Ok well so today the last two hours from work went by real slow (mainly because my boss left early so he wasnt there riding my arse keeping me busy) and also because in the back of my mind was the husky 346xp. I went straight to my local stihl/husky/echo dealer to get an idea of the 346xp and feel it, see the small differences between husky and stihl. after gazing at it for awhile and holding it, pulling off the covers and looking at it, i decided that i liked it. the dealer was asking $500 for it. I told him i'd go home and sleep on it and be back tomorrow which is paycheck day. conveniently located down the road is my local bank. so for shiggles, i went in there to check my balance and see if i had enough money. well i did, with about twenty bucks to spare. so i called up the dealer and asked if he could do $500 even for it. He thought about it for a min and said he could. so, i took out 500 and headed straight back to the dealer. took what felt like an eternity. the guy filled her up with some rich premix, took her outside and ran her a but. got it, got home, and got working. first i had started it up revved it up a little bit til it got warm, shut it off, waited til it cooled down a bit, did it again, then one more time, then i got to cutting with it.
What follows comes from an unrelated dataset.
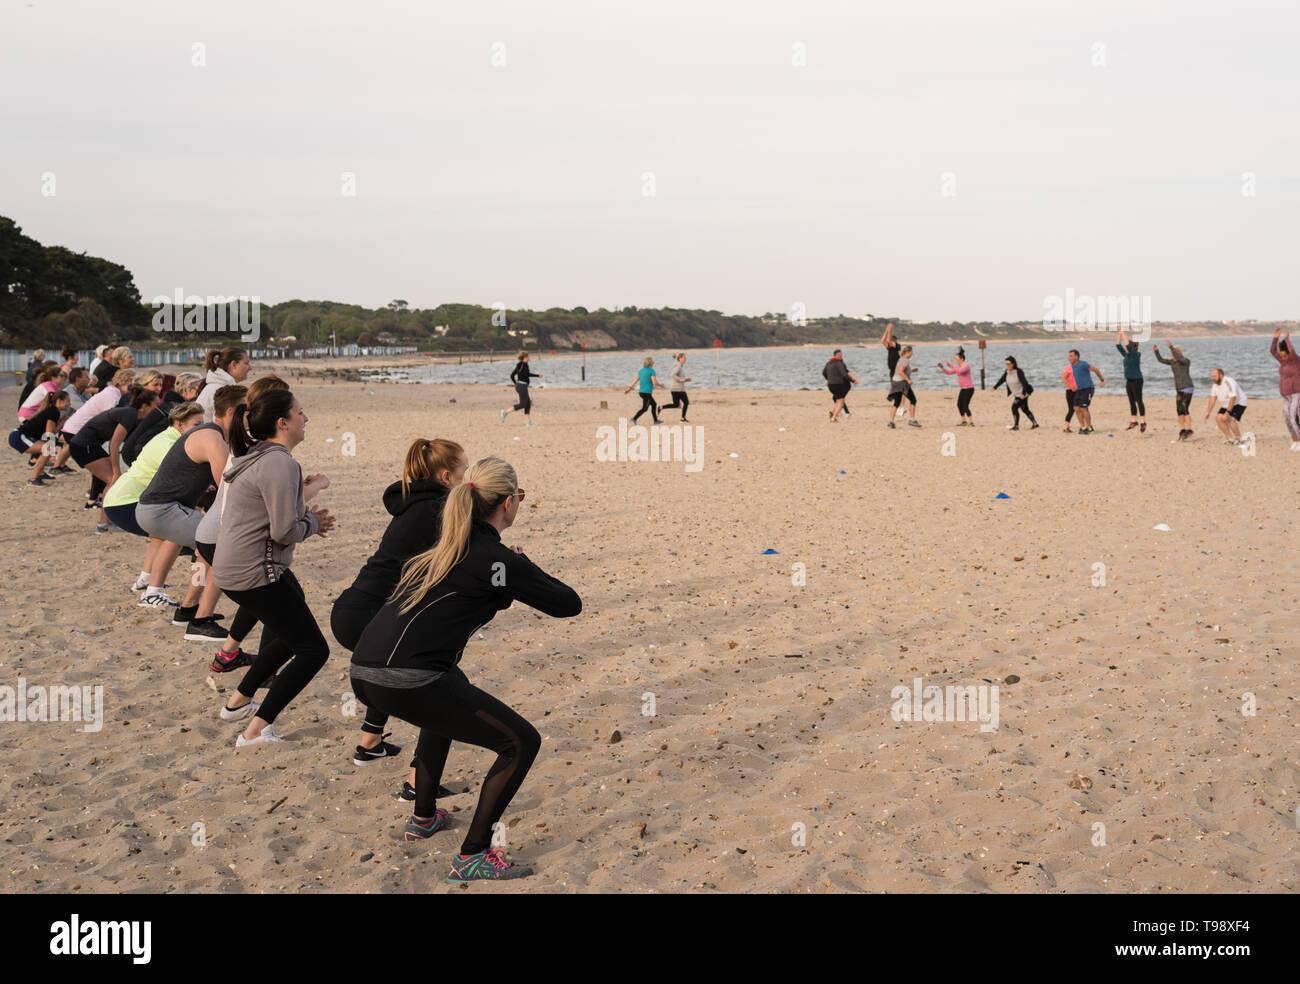 Group exercise on the beach at Avon Beach near Mudeford - Stock Image

I went walking around on the wheeler trails on my property and cleaned them up. cut out a few cookies from a 18" soft maple, it had a little trouble pullin the 20" when i applied pressure, but other than that, I LOVE it. i love the snotty sound it makes, its so light, has great power, its pretty much there when you hit the throttle. all in all, i do not regret spending the money, it seems like a great saw and i hope it lasts long. and yawl are right, this is way too nice of a saw to beat up on the wheeler. prolly gonna have to get a cheap used something for that purpose. for now i'll stick to walking the trails, but with 1600 acres, walking will take a long time. 
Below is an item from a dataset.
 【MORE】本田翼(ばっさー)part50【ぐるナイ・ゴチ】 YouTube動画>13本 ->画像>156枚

Now my question is, what is the best chain to run on it for the 20". I run a full skip rsc on my ms362 and i definitely like the full skip. anybody have any good recommendations of chains to run for the 346xp? do they make full chisel in .325? 
thanks for all your help!


----------



## formationrx (Sep 1, 2012)

*...*

271WB, 028SWB, dolmar 5105...


----------



## Tree Pig (Sep 1, 2012)

ms 250 only $299 and keep hp ultra and fresh gas in it, it will last. Why risk double that for what your using it for.


----------



## cfield (Sep 1, 2012)

4x4American said:


> Ok well so today the last two hours from work went by real slow (mainly because my boss left early so he wasnt there riding my arse keeping me busy) and also because in the back of my mind was the husky 346xp. I went straight to my local stihl/husky/echo dealer to get an idea of the 346xp and feel it, see the small differences between husky and stihl. after gazing at it for awhile and holding it, pulling off the covers and looking at it, i decided that i liked it. the dealer was asking $500 for it. I told him i'd go home and sleep on it and be back tomorrow which is paycheck day. conveniently located down the road is my local bank. so for shiggles, i went in there to check my balance and see if i had enough money. well i did, with about twenty bucks to spare. so i called up the dealer and asked if he could do $500 even for it. He thought about it for a min and said he could. so, i took out 500 and headed straight back to the dealer. took what felt like an eternity. the guy filled her up with some rich premix, took her outside and ran her a but. got it, got home, and got working. first i had started it up revved it up a little bit til it got warm, shut it off, waited til it cooled down a bit, did it again, then one more time, then i got to cutting with it. I went walking around on the wheeler trails on my property and cleaned them up. cut out a few cookies from a 18" soft maple, it had a little trouble pullin the 20" when i applied pressure, but other than that, I LOVE it. i love the snotty sound it makes, its so light, has great power, its pretty much there when you hit the throttle. all in all, i do not regret spending the money, it seems like a great saw and i hope it lasts long. and yawl are right, this is way too nice of a saw to beat up on the wheeler. prolly gonna have to get a cheap used something for that purpose. for now i'll stick to walking the trails, but with 1600 acres, walking will take a long time.
> 
> Now my question is, what is the best chain to run on it for the 20". I run a full skip rsc on my ms362 and i definitely like the full skip. anybody have any good recommendations of chains to run for the 346xp? do they make full chisel in .325?
> thanks for all your help!



Told ya you would love it! Not sure on your chain question though. Have fun and be safe!


----------



## tramp bushler (Sep 2, 2012)

Pull the clutch, take the 325 sprocket off and put on a 7 tooth 3/8 . It takes the small spline sprocket rim. Change the tip to 3/8 and your off to the races. Depending on the bar either 70 or 72 drivers. 
With the chain speed it puts out full skip works great. You can keep your rpm up and that will dump more oil on the chain. Plus fewer teeth to sharpen and joint.


----------



## 4x4American (Sep 5, 2012)

cfield said:


> Told ya you would love it! Not sure on your chain question though. Have fun and be safe!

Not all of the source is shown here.